Hydra still ends in the same place as the other stages: a populated ExperimentConfig dataclass passed into the placeholder training function.

Typical usage:

$ uv run --group examples python code/dummy_train/hydra_main.py
$ uv run --group examples python code/dummy_train/hydra_main.py experiment.lr=1e-3 experiment.width=128

Hydra starts to pay off when:

  • experiment configurations are numerous enough that you want them in a directory tree
  • different groups of settings naturally belong together
  • command-line overrides should work on nested config values

But Hydra is not automatically better than TOML or argparse. It adds concepts: config groups, composition, and a framework-specific override syntax. That extra power is useful only if the project is large enough to benefit from it.
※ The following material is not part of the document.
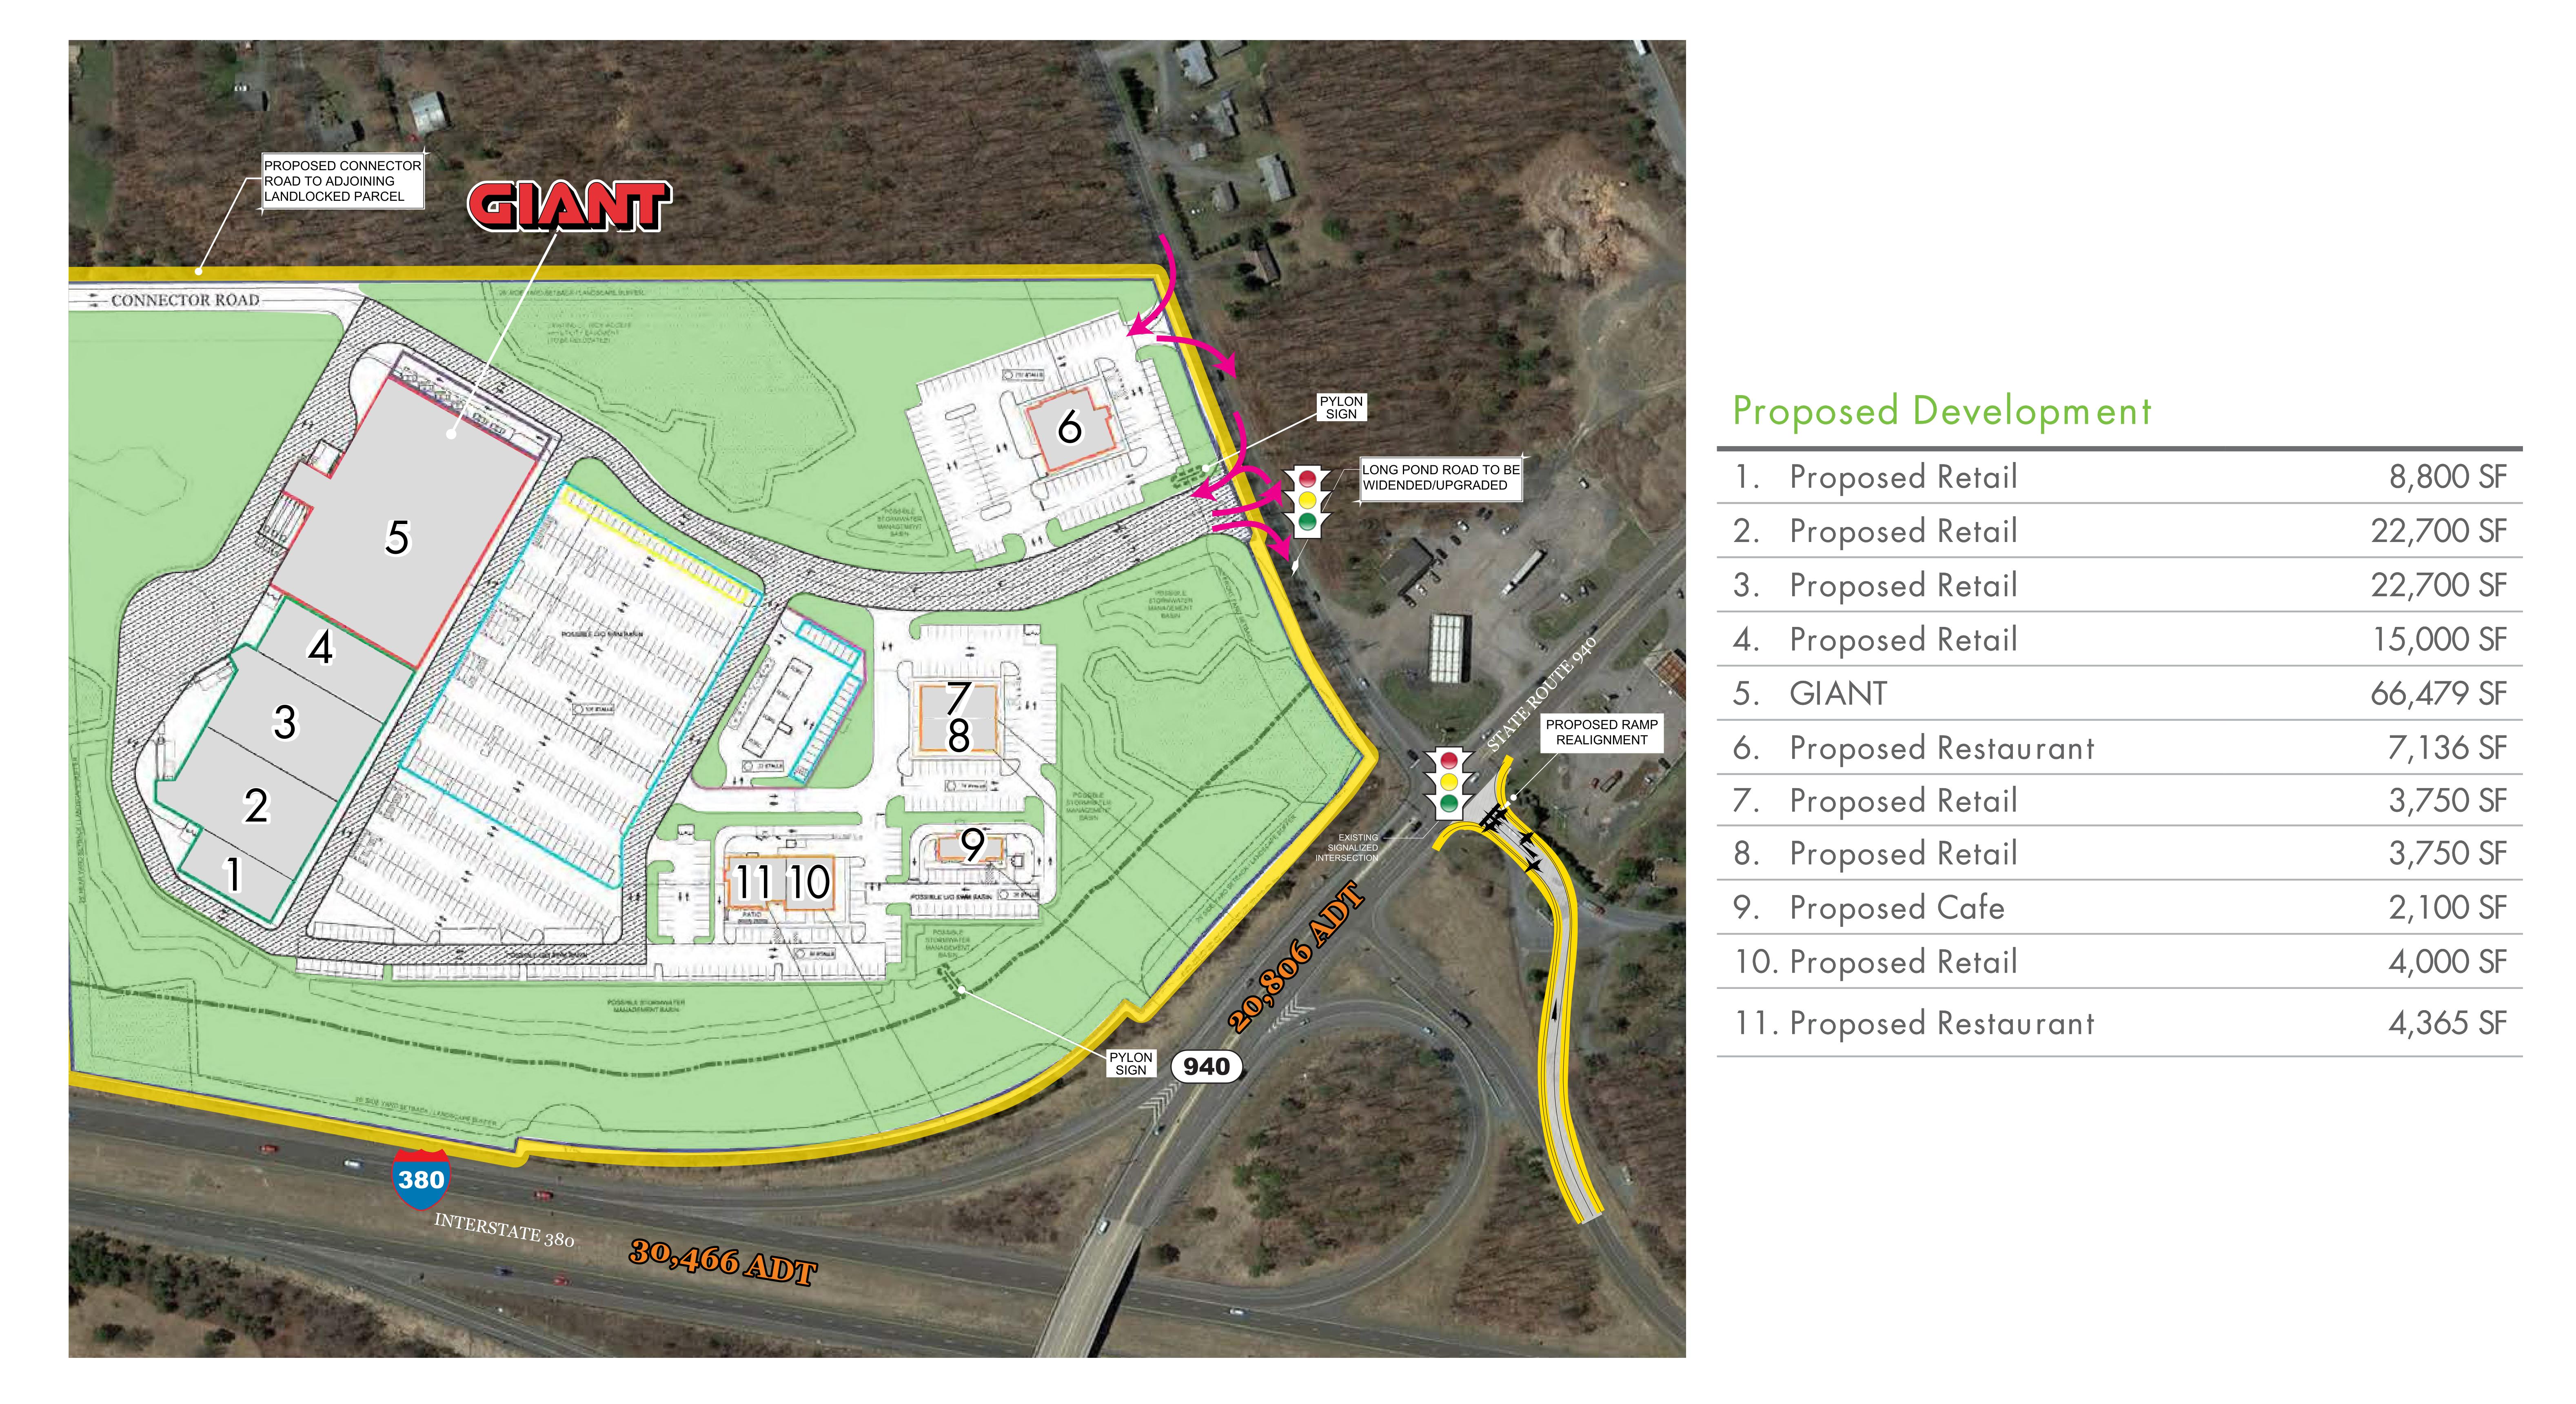 Route 940 & I-380 Interchange: site plan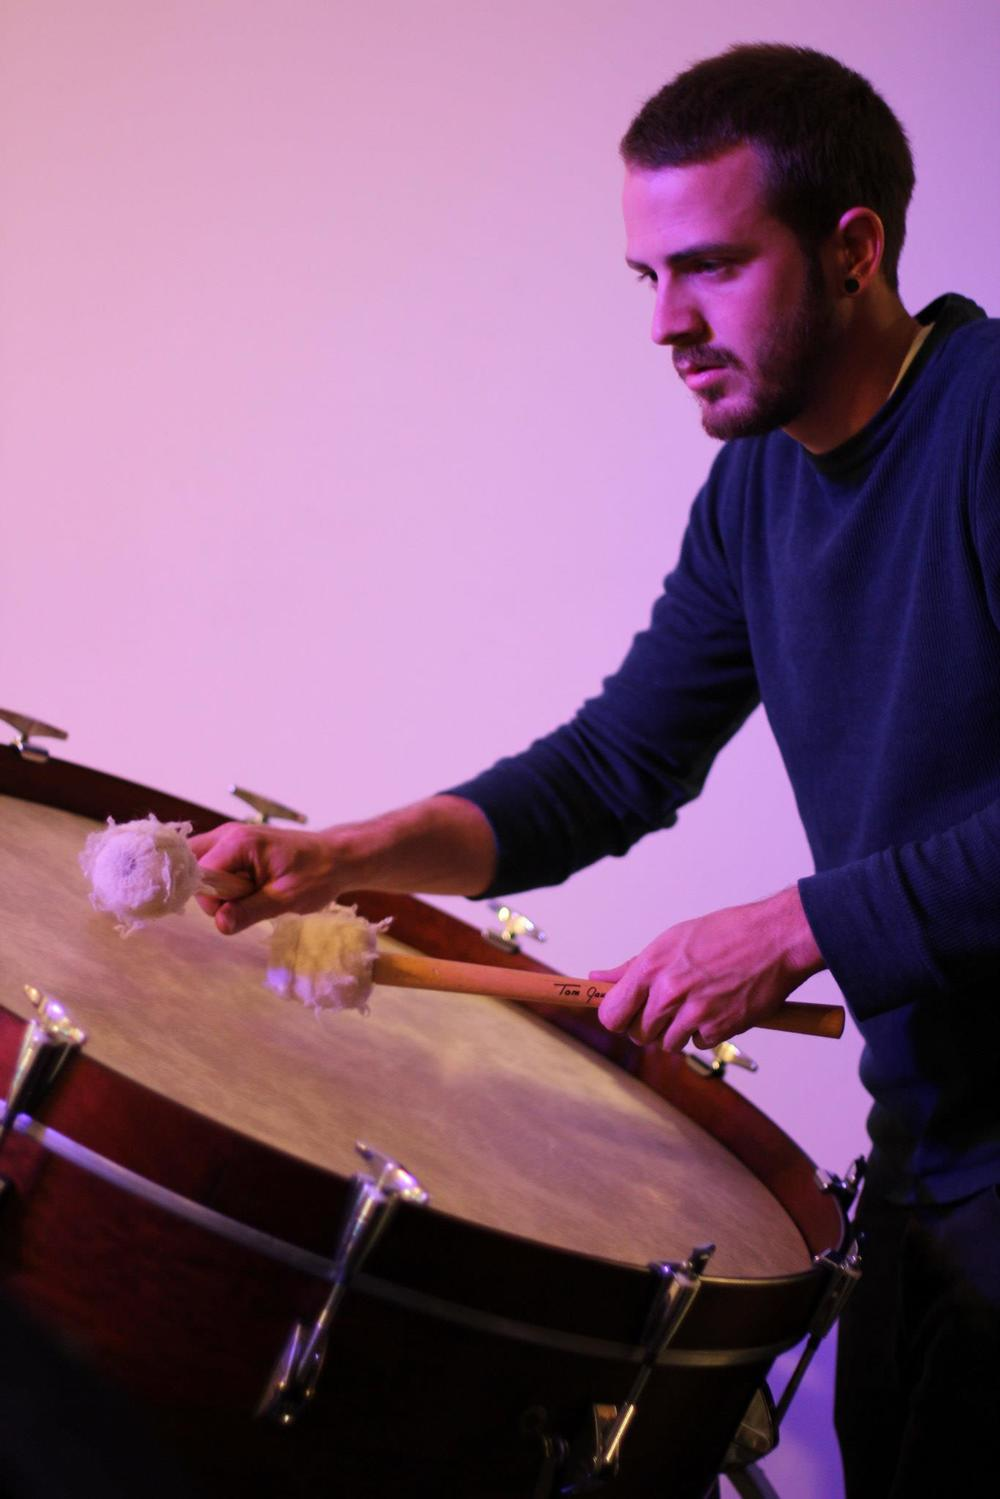 percussionist Nick Matthiesen

For a single local script, Hydra may be more structure than you need.

6.5 Looking ahead: Optuna

The three approaches above are all about manual parametrization: they make it easier for a human to choose hyper-parameters and feed them into the same script in a controlled way.

Hyperparameter tuning, through something like Optuna, addresses a different problem. Instead of choosing each learning rate or width by hand, Optuna can search over candidate values automatically and track which settings worked best.

6.6 Comparing the approaches

Approach Best for Main benefit Main cost
Edit the file Very small, local experiments Almost no abstraction Hard to reproduce and compare runs
argparse A few parameters changed often Simple path from flags to a dataclass Long commands become repetitive
TOML Stable defaults written down in a file File-based defaults with a simple loader Another config format to maintain
Hydra Larger experiment trees Structured configs and powerful overrides More concepts and more complexity

The important point is not to “graduate” to the most sophisticated tool as quickly as possible. The right level of parametrization is the one that reduces friction for your current experiments without making the code harder to understand than it needs to be.